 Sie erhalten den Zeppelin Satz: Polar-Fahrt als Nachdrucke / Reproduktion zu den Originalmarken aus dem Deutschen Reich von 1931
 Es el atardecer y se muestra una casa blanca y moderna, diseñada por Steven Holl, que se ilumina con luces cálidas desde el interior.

■ ■ ■ ■ ■ ■ ■

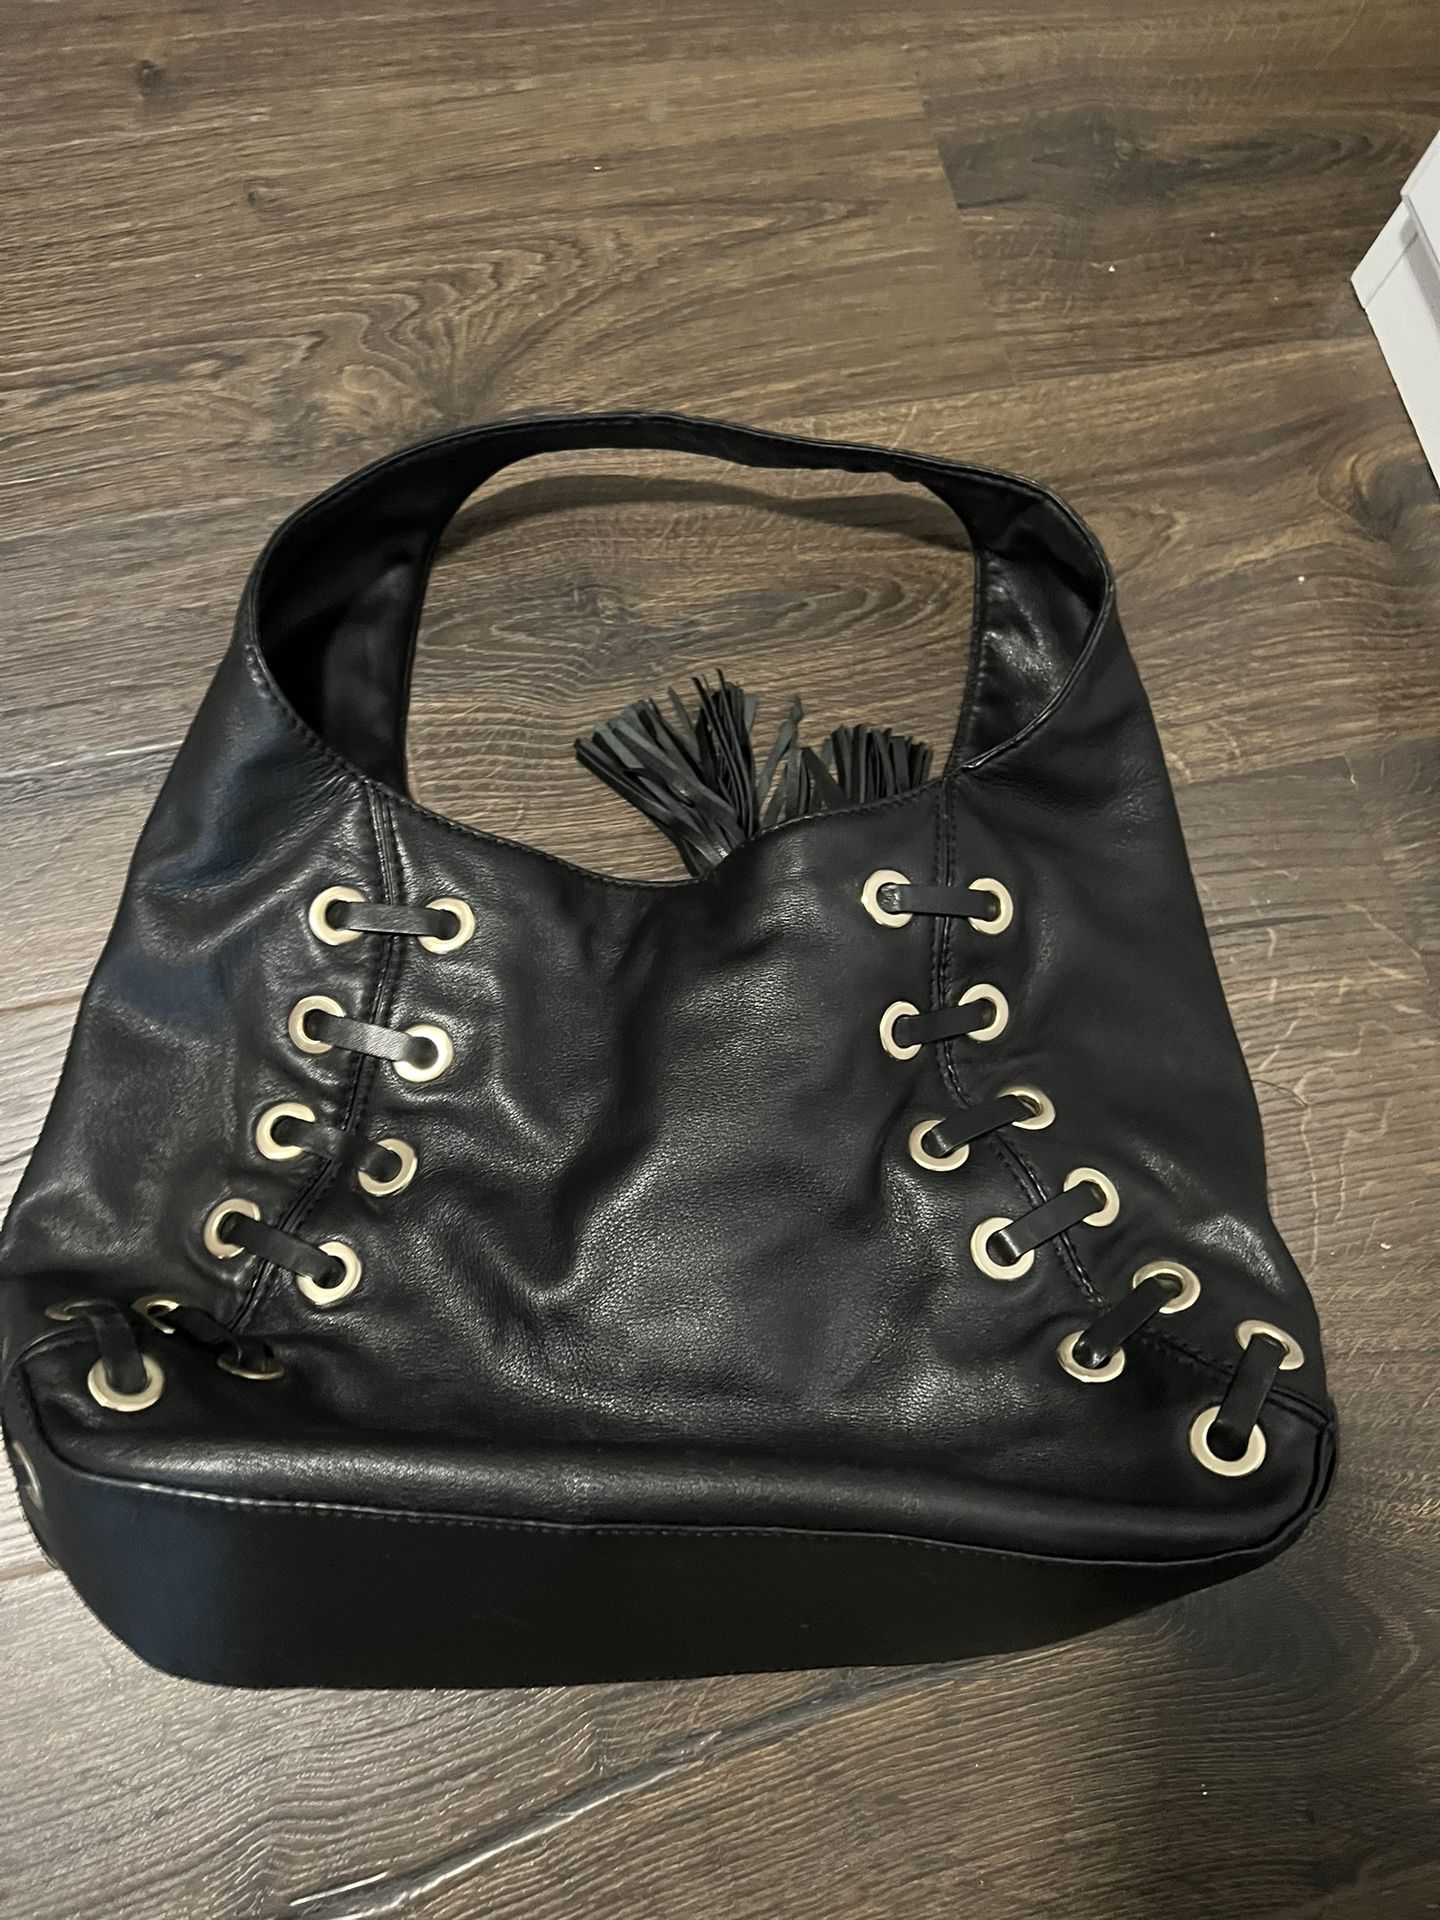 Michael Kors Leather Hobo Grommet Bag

■ ■ ■ ■ ■ ■ ■

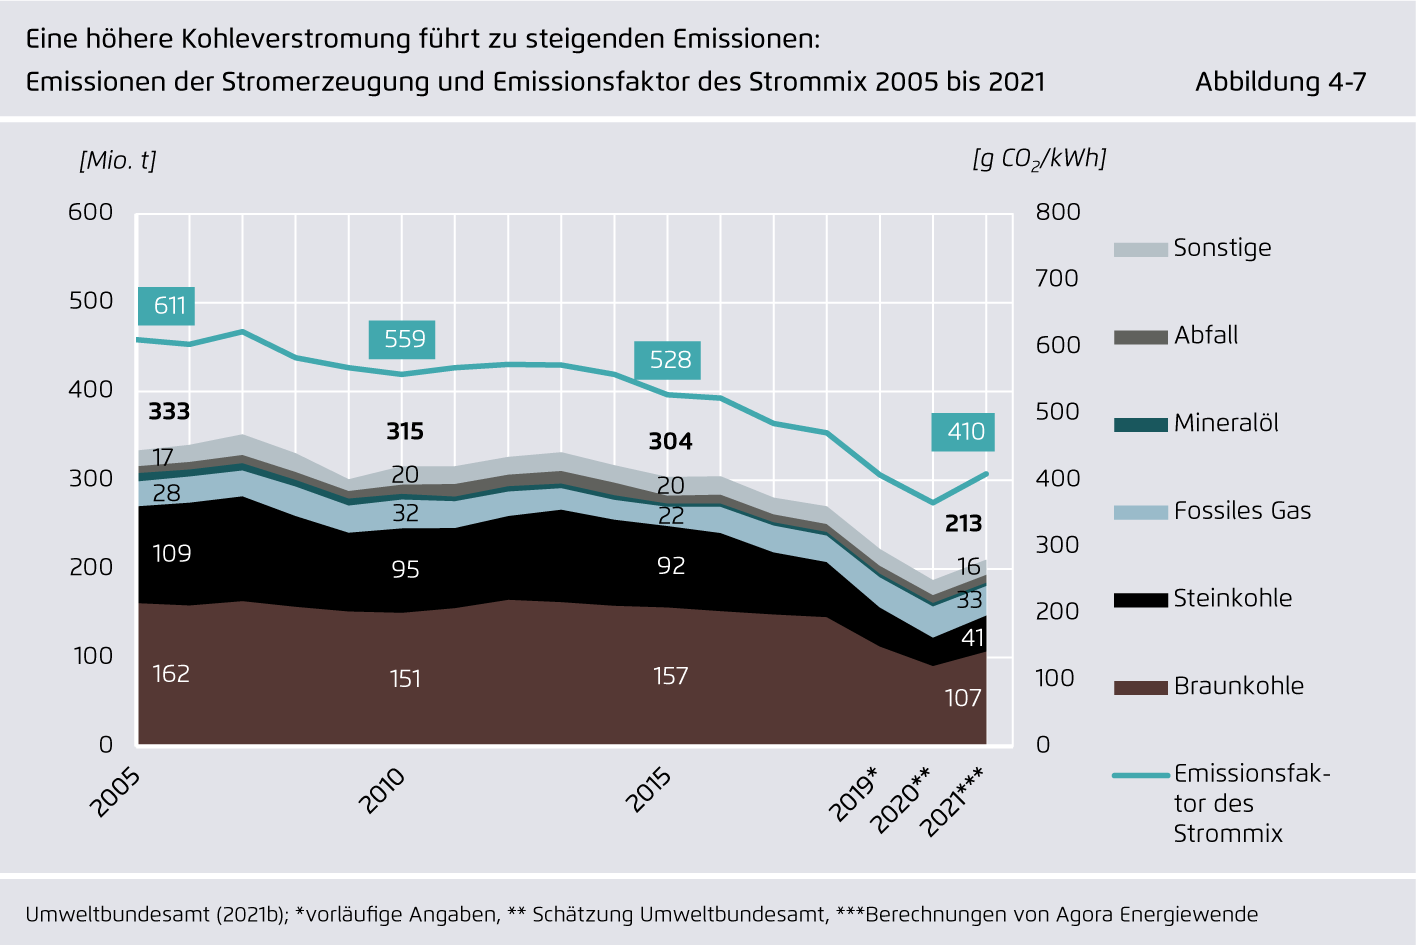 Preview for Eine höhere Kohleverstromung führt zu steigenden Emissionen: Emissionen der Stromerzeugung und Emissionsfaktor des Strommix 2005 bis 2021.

■ ■ ■ ■ ■ ■ ■

Task
From the records above, extract exactly and only the lines that begin at the line with "Sie erhalten den" and stop after the line with "Es el atardecer".

Reply to the task
 Sie erhalten den Zeppelin Satz: Polar-Fahrt als Nachdrucke / Reproduktion zu den Originalmarken aus dem Deutschen Reich von 1931
 Es el atardecer y se muestra una casa blanca y moderna, diseñada por Steven Holl, que se ilumina con luces cálidas desde el interior.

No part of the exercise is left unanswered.